SPIDER also addresses characterization challenges, investigating phenomena and problems at the interfaces to then optimize SPIDER cells.

SPIDER will trigger the technological progress that is necessary to accelerate the deployment rates of electric vehicles (longer driving ranges, lower cost, etc.). The SPIDER Li-ion batteries are urgently needed for an increasing number of market segments with high energy and power density demand, as well as superior cycling, notably for electric and hybrid vehicles.

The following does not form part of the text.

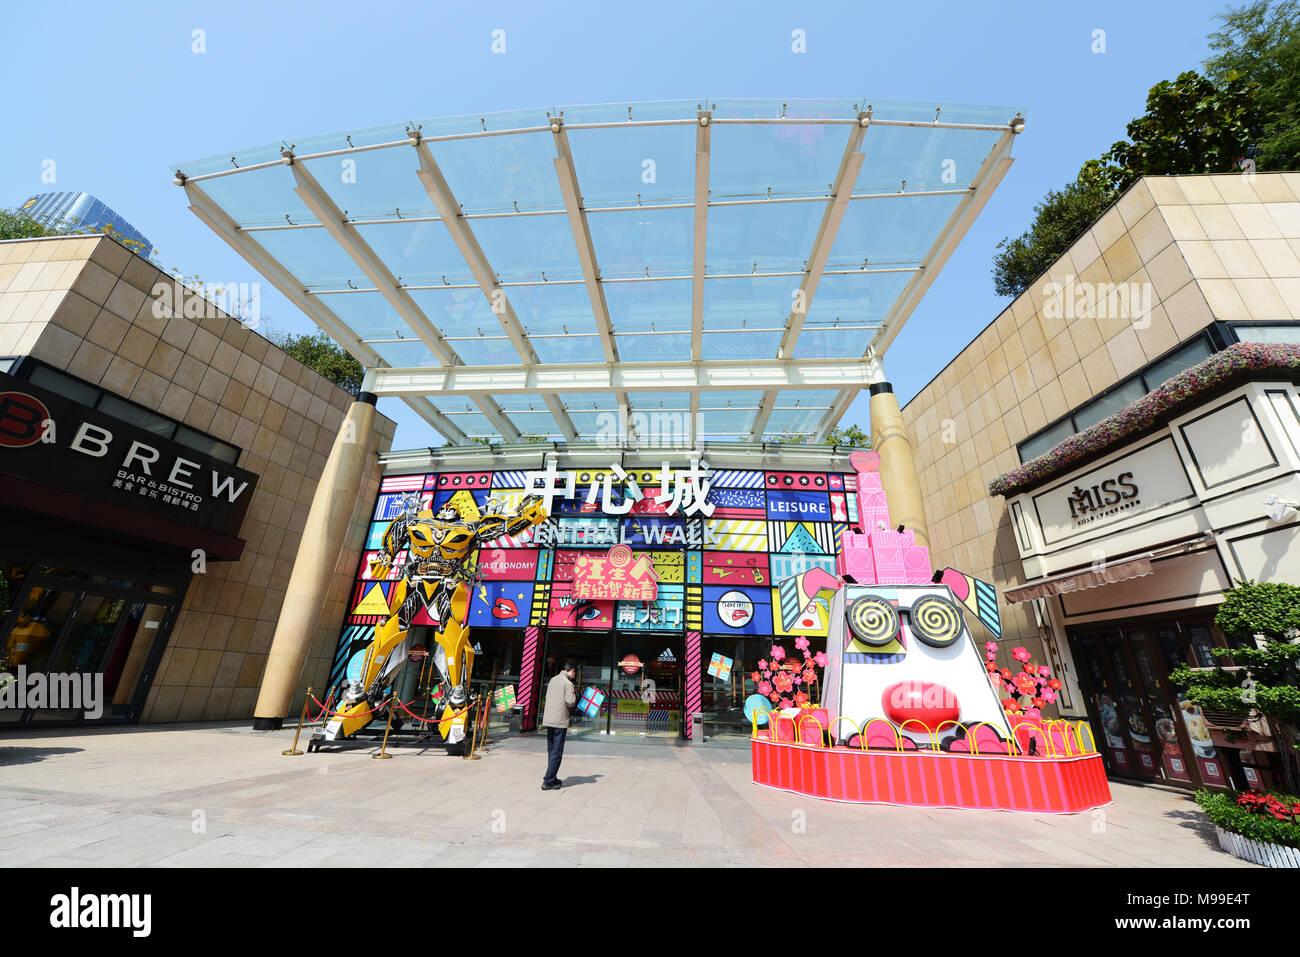 Central Walk shopping mall in Futian, Shenzhen. - Stock Image

Regarding the socio-economical impacts, SPIDER batteries are expected to provide extremely flexible energy storage that can be used in all industries, especially in EVs, with markets worth billions of euros: a mass market could create 500,000 to 1.1 million net additional jobs in Europe by 2030 through innovations in the automotive sector. The partners all plan to hire new staff in order to exploit project results.